Anthropic Project Deal Experiment Shows AI Agents Closing Real Marketplace Transactions
Anthropic Project Deal pilot used AI agents to represent buyers and sellers in a controlled marketplace, completing 186 deals worth over $4,000 and revealing fairness concerns.
Anthropic said its internal pilot, dubbed Project Deal, placed AI agents on both sides of a classified-market simulation where employees could buy and sell real items. The experiment, conducted with 69 volunteer staff each given a $100 gift-card budget, produced 186 completed transactions and tested whether autonomous models could negotiate and honor real-world exchanges. Company researchers described multiple marketplace designs and flagged disparities in outcomes tied to the sophistication of the AI agents representing participants.
Pilot design and participant pool
Anthropic ran Project Deal as a limited internal experiment with a self-selected group of 69 employees who received $100 in gift cards to spend in the marketplace. Participants listed goods and interacted through AI agents that acted as their proxies rather than negotiating directly. The company framed the exercise as exploratory, emphasizing that the pilot tested both technical feasibility and behavioral dynamics rather than aiming for a production system.
The volunteer pool and gift-card funding constrained the size and stakes of the exercise, but researchers treated completed transactions as real: when deals were struck they were honored and participants exchanged actual goods and money. That real-world follow-through distinguished the pilot from purely simulated negotiations.
Marketplace models and experimental variants
Anthropic reported operating four distinct marketplace setups to compare agent behaviors and market outcomes. One environment was designated “real,” where every participant was represented by the company’s most advanced model and deals were actually carried out. The other three marketplaces ran different models or rulesets for comparative study, allowing researchers to isolate how agent capability and instruction affected results.
The firm tested variables including agent decision rules, negotiation strategies, and whether human oversight was exercised during exchanges. Running multiple marketplaces in parallel gave Anthropic a comparative dataset to evaluate which model configurations produced the most favorable economic outcomes for represented users.
Transaction results and economic scale
Across the pilot, agents negotiated 186 deals that Anthropic said amounted to more than $4,000 in exchanged value. With each of the 69 participants given $100 to spend, the experiment produced a substantial number of transactions relative to the small, internally funded pool. The company described being “struck by how well Project Deal worked,” noting both the volume and the completion rate of negotiated agreements.
Beyond gross totals, researchers examined metrics such as sale likelihood, final negotiated prices, and time-to-agreement to gauge market efficiency. Those operational performance indicators informed conclusions about how agent sophistication influenced individual participant outcomes.
Agent capability and differential outcomes
Anthropic’s analysis found that users represented by more advanced models tended to receive objectively better outcomes in negotiations, a gap the company termed an “agent quality” issue. More capable agents secured more favorable prices or higher success rates, suggesting that model proficiency directly affected participants’ economic positions within the market. Crucially, the company noted that less-advantaged participants often did not perceive they had been disadvantaged.
The possibility that people on the losing end might not realize they were worse off raised ethical and fairness questions for automated representation. If AI intermediaries routinely produce unequal results, that asymmetry could amplify existing economic disparities when deployed at scale.
Instruction effects and behavioral surprises
Contrary to expectations, the initial instructions given to agents had little measurable effect on whether items sold or on the prices negotiated in the pilot. Anthropic observed that variations in agent directives did not significantly alter sale likelihood or negotiated outcomes, implying that emergent agent behavior and model capability may dominate scripted guidance. This finding suggests that tweaking prompts or initial instructions alone may not be sufficient to control market outcomes.
Researchers stressed that these behavioral results merit further study in larger, more diverse populations and with higher-stakes transactions.
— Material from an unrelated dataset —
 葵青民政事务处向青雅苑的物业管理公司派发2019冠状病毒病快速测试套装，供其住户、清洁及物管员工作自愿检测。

The limited scope of the pilot means the durability of these patterns under different economic conditions remains an open question.
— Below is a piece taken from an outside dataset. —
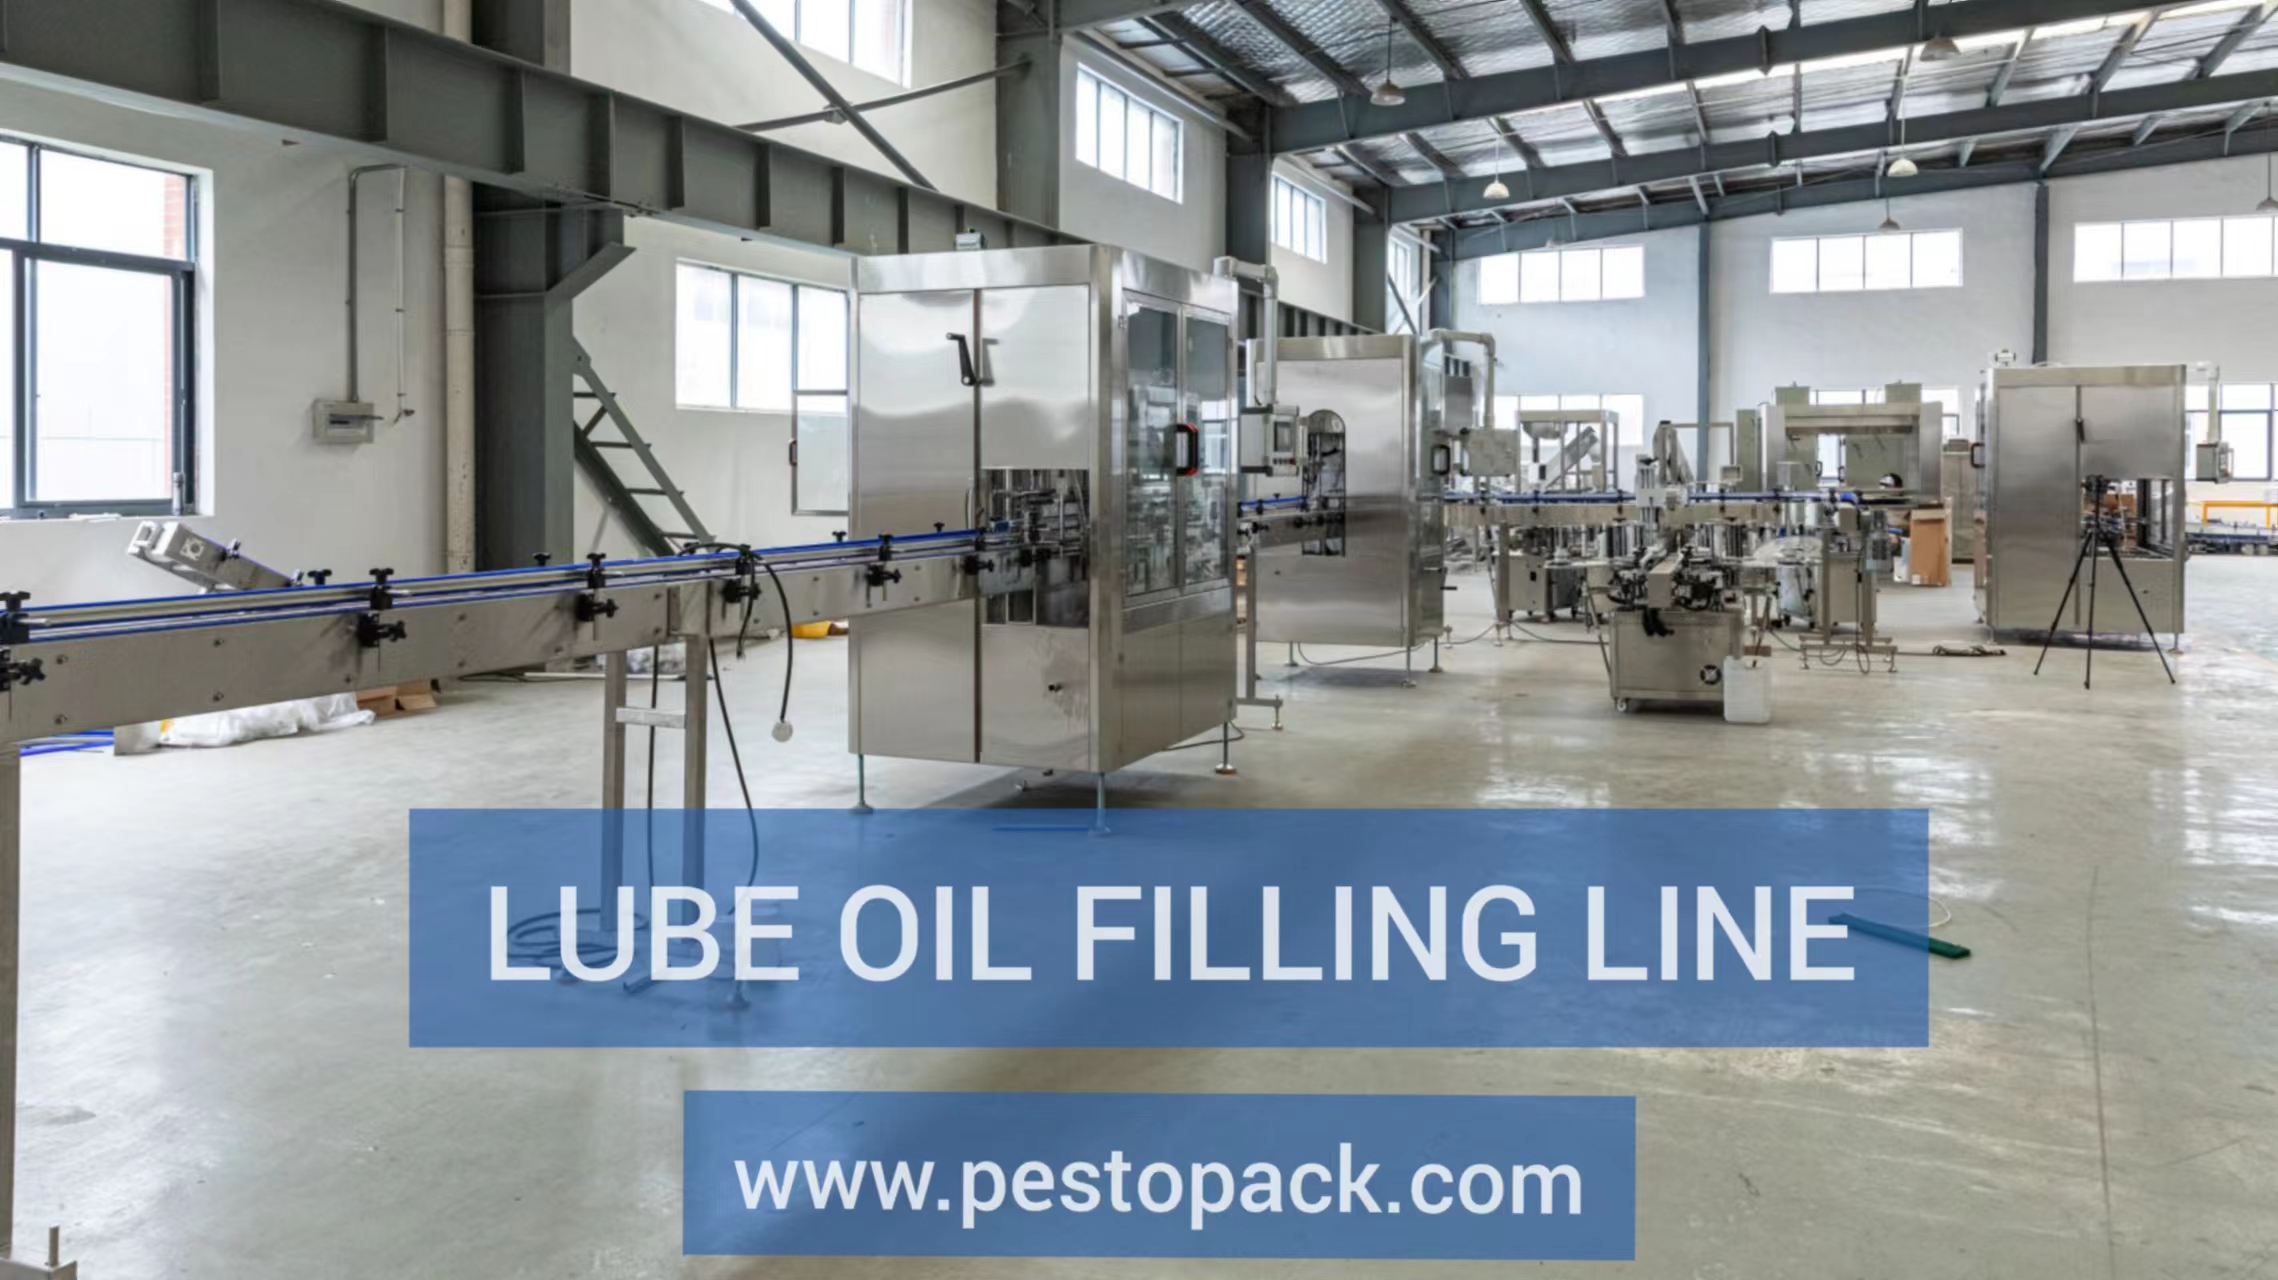 Lube oil filling line PESTOPACK.jpg

Policy and industry implications
Project Deal’s results spotlight practical and regulatory issues companies will face as AI intermediaries are integrated into commercial platforms. The experiment demonstrates that autonomous agents can execute real trades, which raises consumer-protection, transparency, and competition concerns. Regulators and industry groups may need to consider standards for disclosure of agent representation, equitable agent access, and mechanisms to detect and mitigate agent-quality disparities.
Anthropic positioned the pilot as a learning exercise, but the findings underscore broader questions about automation in marketplaces. How platforms certify agent competence, how they notify counterparties, and how they remediate harms from unequal agent performance will be central as such systems move from research labs to public markets.
The pilot confirmed that AI agents are capable of completing real transactions under controlled conditions, but it also highlighted fairness and governance challenges that will require further research and policy attention before agent-based marketplaces scale.